MorphSAT is a testbed for studying when a local LLM agent should stop gathering evidence and commit to an action.
An LLM agent with tool access can loop indefinitely — calling tools, reading results, calling more tools — without ever deciding. Or it can commit prematurely on insufficient evidence. MorphSAT wraps the agent's loop in a structured cognitive control stack — an external state machine that accumulates evidence, tracks posture, and holds decision authority. The model proposes actions; the gate decides when and how to commit.
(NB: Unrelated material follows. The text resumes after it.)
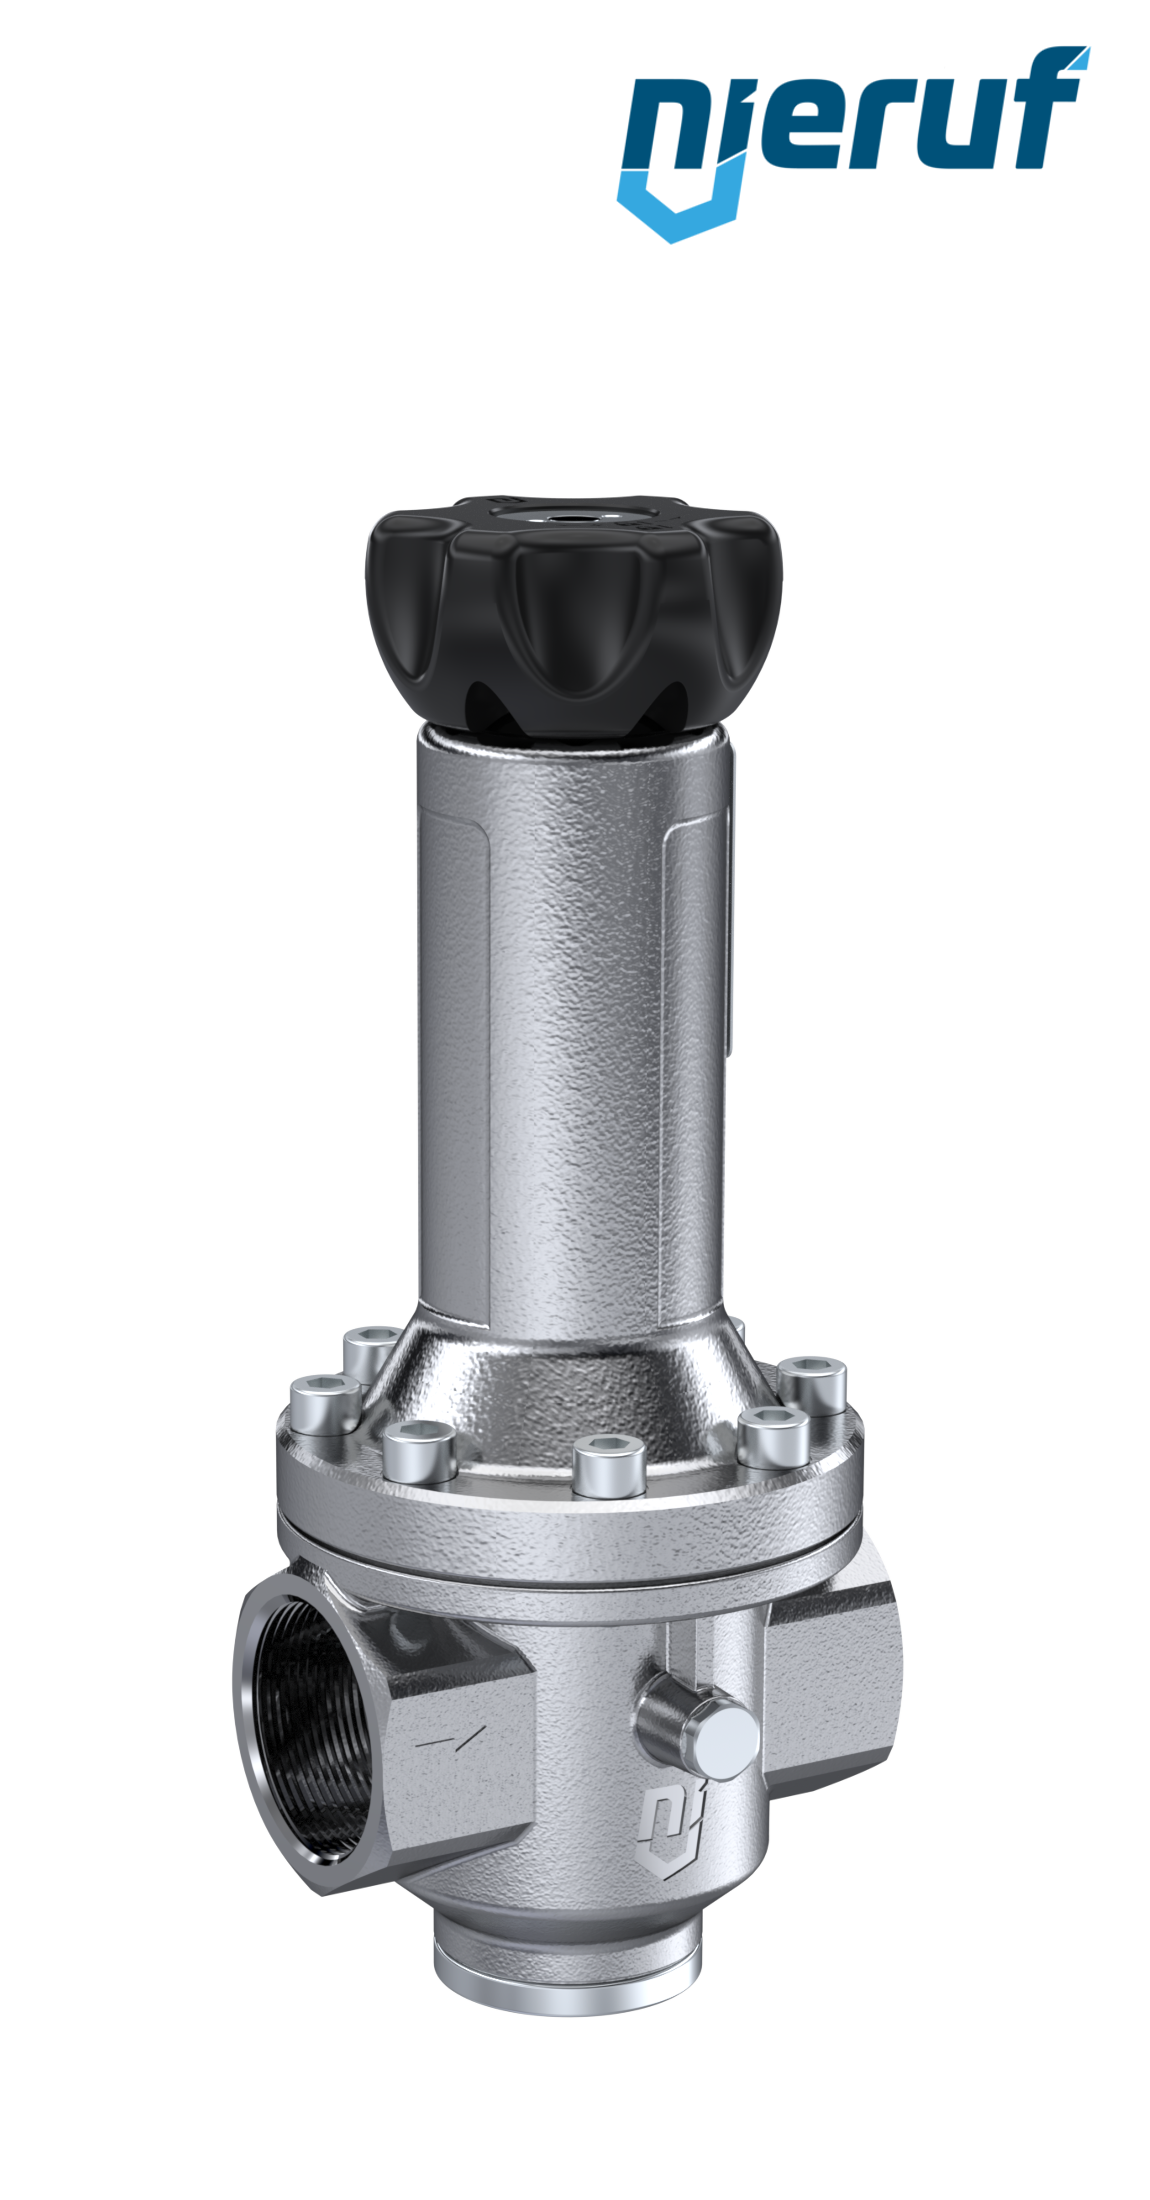 precision-pressure reducing valve 2" inch DM15 stainless steel FKM 10.0 - 50.0 bar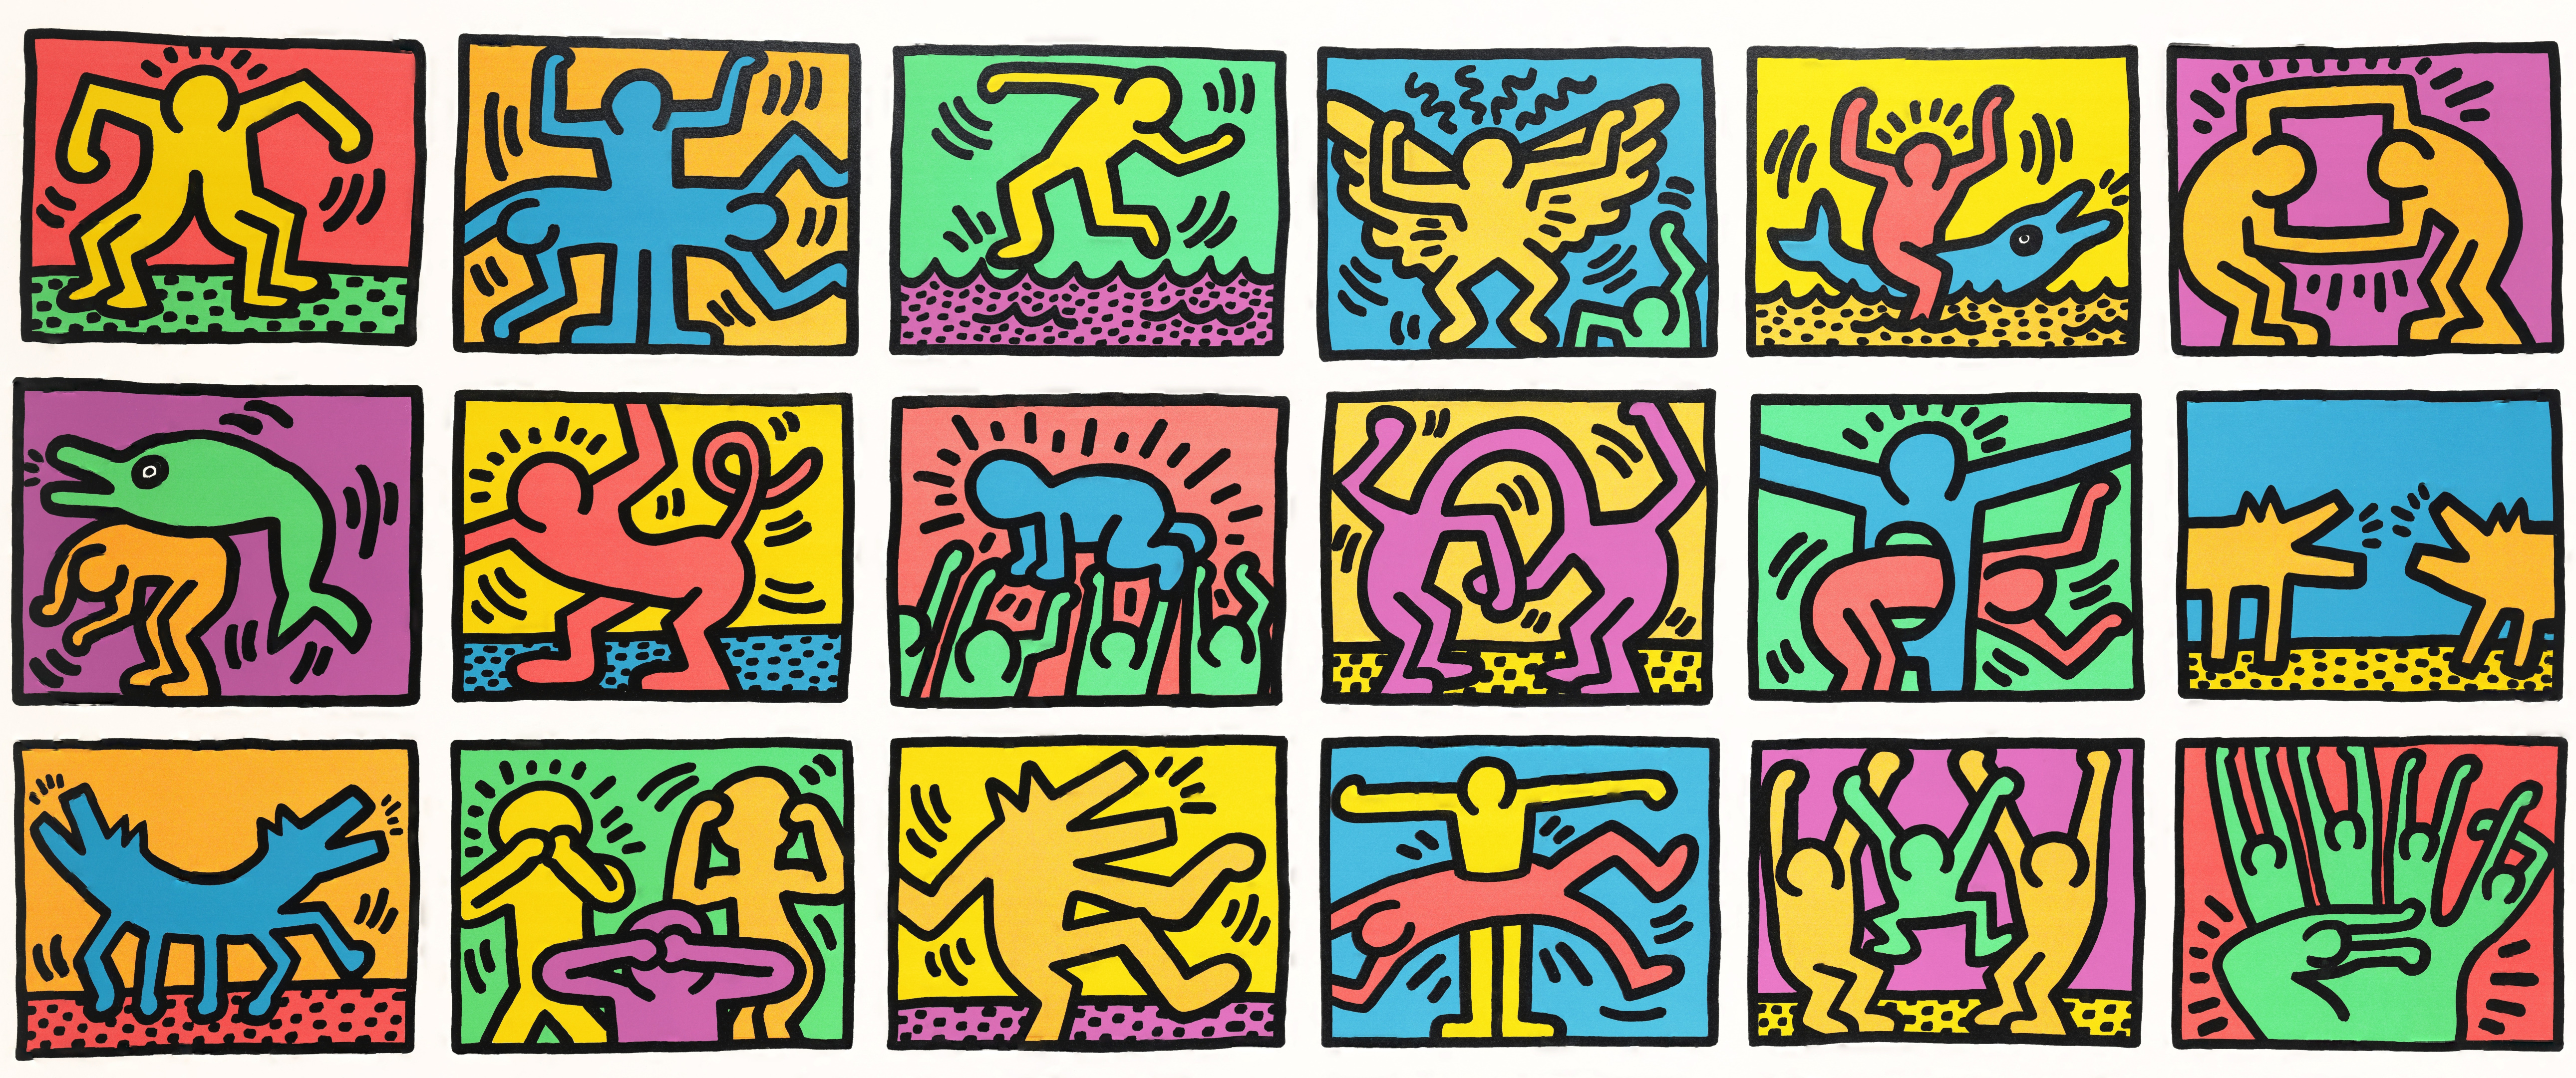 Keith Haring Acrylic Pop Art Fabric Drawing 5160x2160

The current checkpoint (v9) adds a dual-agent recomputation gate — two independent agents analyze the same alert, and disagreement routes to human review. On adversarial scenarios designed to fool single agents, disagreement precision is 100% (every disagreement involved a real error). The underlying single-agent loop (v8.3) achieves 100% accuracy on the standard 20-scenario benchmark.
For cognitive architecture researchers: See
docs/COGNITIVE_ARCHITECTURE_TRANSLATION.mdfor a term mapping to Soar, ACT-R, and active inference. Seedocs/morphsat_technical_note.mdfor the 2-page technical note with full results.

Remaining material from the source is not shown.